Certificates shall be delivered to Party A by Party B within 30 days after the signing of this Agreement and completely move out within 1 year after the signing of this Agreement. Party A will pay according to the terms below:
Party A shall pay 5% of the acquisition amount within one month after this Agreement is effective.  Party A shall pay 20% of the acquisition amount within one month upon Party B’s delivery of the land-use right certificate, cancellation registration of real estate encumbrance (collateral, etc.). Party A shall pay 25% of the total purchase price after the commencement of the removal. Once the relocation project is completed, Party A shall pay the remaining 50% of the total purchase price if the relocation project has been completed and has prepared to deliver the land use right. Party A shall pay Party B the total purchase price in accordance with the agreed time.
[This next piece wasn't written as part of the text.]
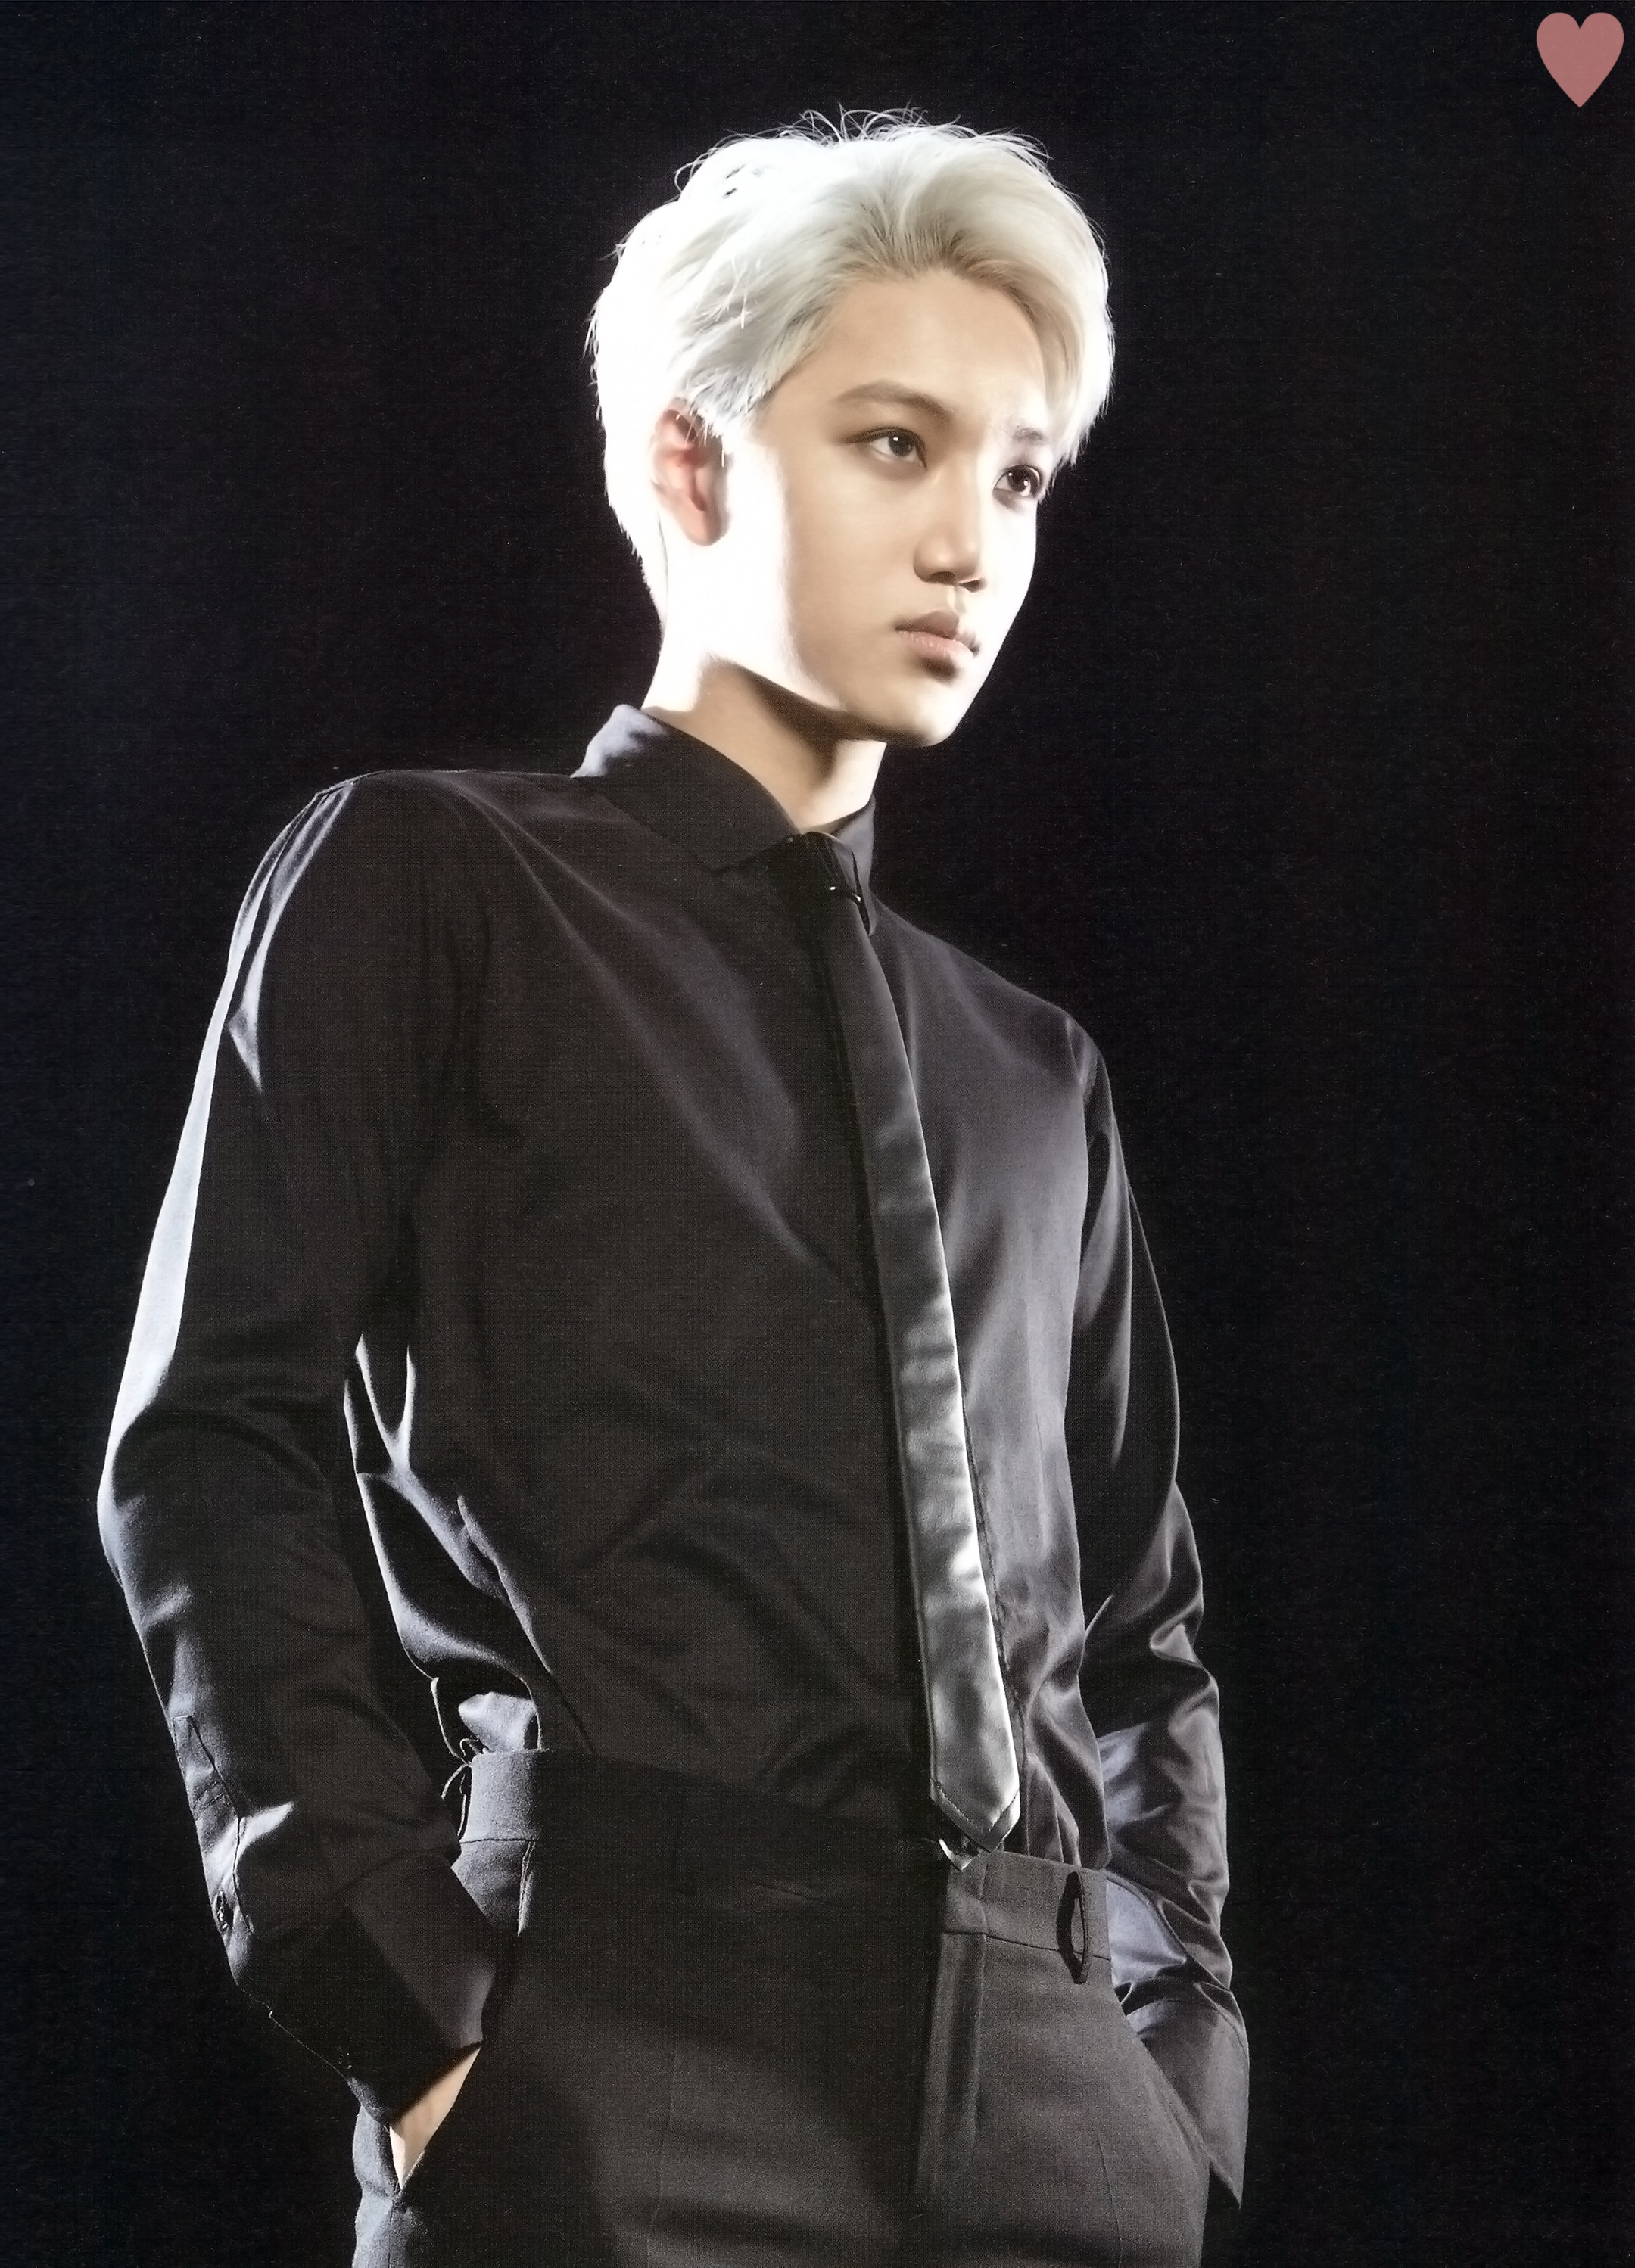 https://psychofriend.files.wordpress.com/2014/05/140524-kai-exo-new-picture-for-brochure-concert-exo-from-exoplanet-1-scan-by-yehet0408-1.jpg

The land advance payment paid by Party B to Party A can also be deducted in accordance with the Investment Agreement.

 
 

 

In the course of implementation of this Agreement, except for force, if Party B fails to deliver the certificates or complete the relocation within the time stipulated in the agreement, Party B shall bear the 500,000 yuan delay penalty each month, liquidated damages shall be deducted in the total purchase amount.
The signing of this Agreement is deemed as the delivery of land and ground buildings, structures with certificates numbered: (2008) 1-2585, (2008) 1-2586 and (2008) 1-2932. Party B shall not obstruct Party A’s disposal of the items listed above in any way. Party B shall deliver all certificates and documents in accordance with the requirements put forward by Party A (including land use right certificate, geological survey report, drawings related to the building construction).
After the implementation of this Agreement, Party A and the Changxing County Land Reserve Center will no longer bear any given obligation.
Where a labor dispute between the parties takes place during the performance of this Contract, the parties concerned may seek for a settlement through consultation; or either party may apply to legal action.

 
 

 

This Agreement shall be in triplicate copies and made in Administrative Committee of Changxing Economic Development Zone, Zhejiang. This Agreement shall come into effect as of the date on which the legal or authorized representatives of both Parties execute or seal this Agreement.

Party A: Administrative Committee of Changxing Economic Development Zone, Zhejiang
Legal Representative:

Party B: Changxing Chisen Electric Co., Ltd.